Twelve percent. In a normal game, those were terrible odds. But for a bender, twelve percent was a doorway.


Silas drew his revolver, his hand shaking violently from the neural strain. The movement was slow, clumsy, but Vance didn't fire. He only watched with a smirk, amused by the pathetic struggle of the gutter rat.


Silas leveled the barrel at Vance’s chest. He didn't use his power to bend the bullet yet; he only used his natural sight to align the iron sights with the micro-gap near the collarbone. He squeezed the trigger.


*BANG.*


The revolver kicked, the muzzle flash illuminating the falling rain. The bullet flew through the air, a spinning streak of lead cutting through the downpour.


But the moment the bullet entered the hum of the luck-shield, the green threads around Vance’s chest flared with blinding intensity. The shield didn't just block the bullet; it absorbed the twelve percent probability of the hit, shifting the local odds to absolute zero. The bullet was deflected mid-air, its trajectory bending violently away from Vance's body.
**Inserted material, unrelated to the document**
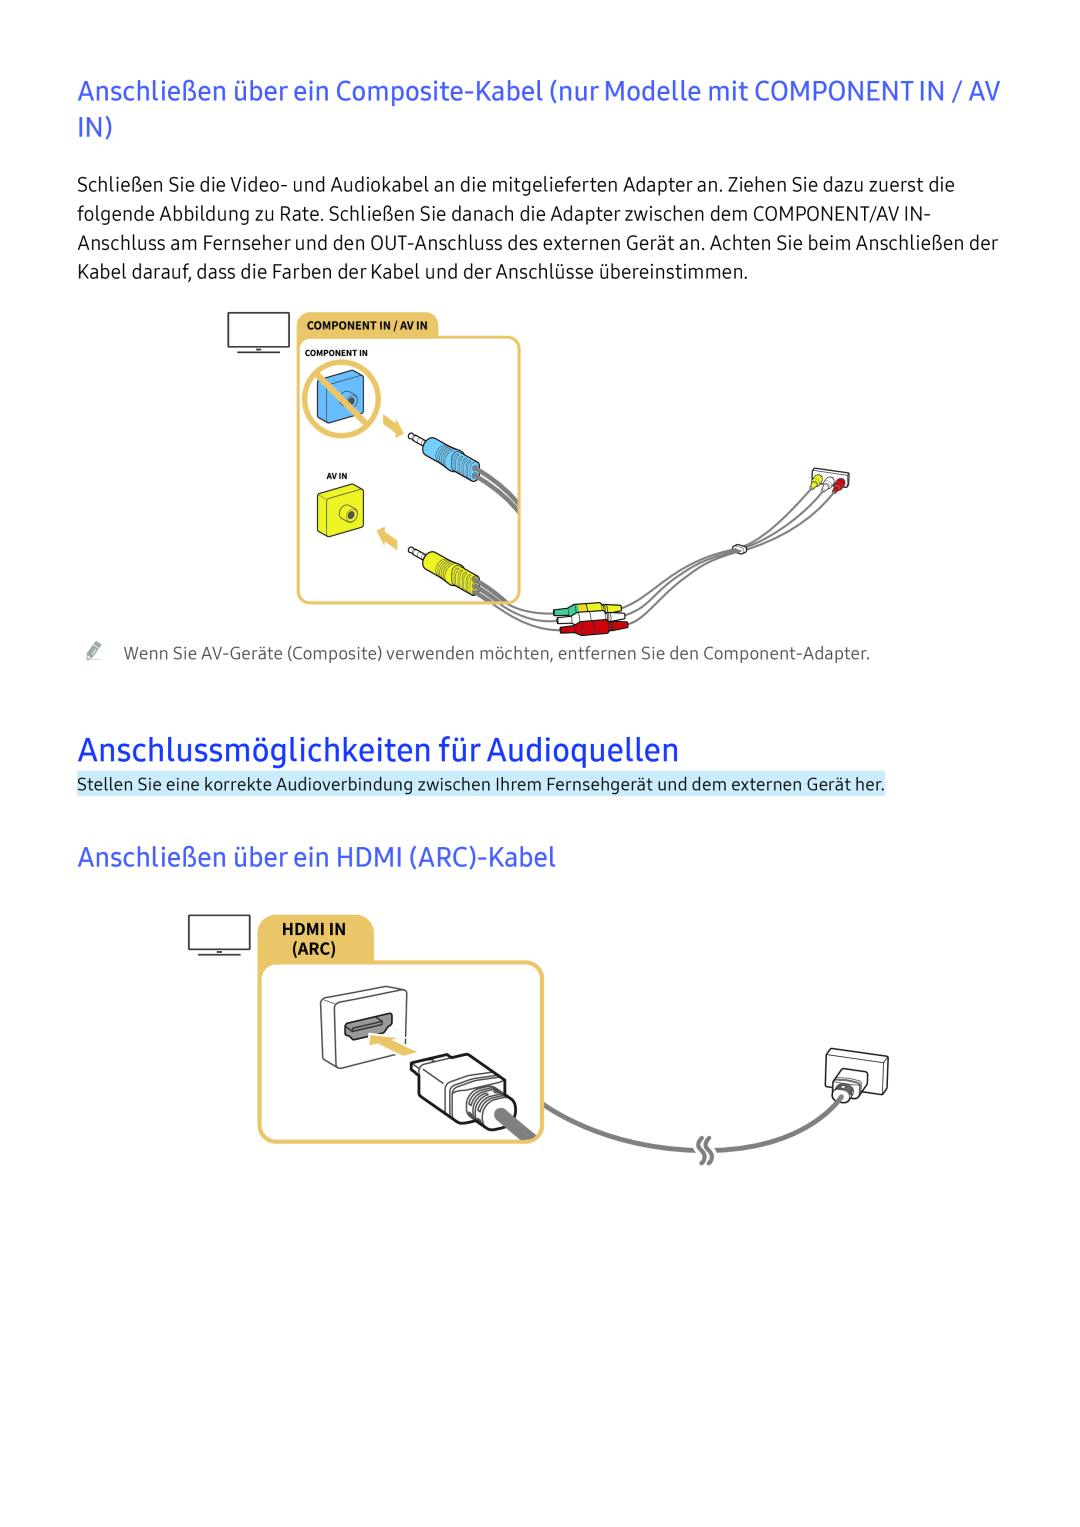 Samsung UE55K6379SUXZG, UE40K6379SUXZG manual Anschlussmöglichkeiten für Audioquellen, Anschließen über ein HDMI ARC-Kabel

Silas’s heart seized. In a moment of pure, desperate panic, he tried to use *Thread Pulling* to force the deflected bullet back toward the gap. He reached out with his mind, trying to grab the green trajectory thread of the spinning round.


"No!" Jax roared, realizing the danger, but it was too late.


The moment Silas’s mind touched the thread within the shield’s active field, the gold-plated chest plate acted like a black hole for his mental focus. The active probability-multiplier completely absorbed his mental energy, reversing the force of his pull. A violent, agonizing feedback loop exploded in Silas’s brain. It felt as if a white-hot iron spike had been driven through his temples. Silas gasped, his vision turning completely black as a torrent of fresh blood gushed from his nose, staining his teeth and lips.


The deflected bullet, now a freak ricochet carrying the redirected kinetic force of his own power, zipped across the courtyard.


*PING.*


The bullet struck a high-pressure steam pipe running along the warehouse wall directly behind Silas. The rusted metal pipe, already weakened by the previous structural cascade inside, ruptured with a deafening, metallic shriek.


A violent, superheated jet of scalding steam exploded from the rupture, blasting directly into Silas’s left shoulder.


The force of the steam blast and the agonizing heat struck his already shattered left collarbone. Silas felt the bone give way completely, re-shattering into a dozen jagged fragments under his skin. The pain was absolute, a blinding, paralyzing agony that short-circuited his entire nervous system. He let out a strangled, breathless scream, his revolver slipping from his numb fingers as he fell to his knees in the mud.


His left side was completely paralyzed, his shoulder a smoking, ruined mass of blistered skin and broken bone. His right arm was numb, his vision blurred by the blood pooling in his eyes. He could feel the cold rain washing the blood down his face, but he couldn't even find the strength to wipe it away. His makeshift Luck-Meter wristband was dead, but his internal sense screamed that his misfortune debt had spiked to a critical, lethal ninety percent. He was at the very edge of the Red Zone, one minor shift away from a total probability collapse that would melt his brain.


He had failed. His first shot had been deflected, his body was broken, and his sister was in the hands of the enemy.


Jack Vance stepped forward, his pristine leather shoes splashing softly in the bloody mud. He looked down at Silas with cold, clinical indifference, the massive black umbrella still shielding him from the rain. He stopped just three feet away, his golden revolver leveled directly at Silas’s forehead.


"A pathetic effort, Silas," Vance said, his voice quiet over the sound of the rain and the hissing steam. "Just like your father. You thought you could beat the house. But the house always wins."


Silas looked up through the blood and the rain, his teeth clenched against the agonizing pain in his shoulder. The cold steel of the barrel was inches from his eyes, the dark void of the muzzle representing the absolute end of his journey. He had no safety meter, no functional weapons, and his body was paralyzed. He was completely at Vance's mercy, with only one final, desperate option left in his pocket.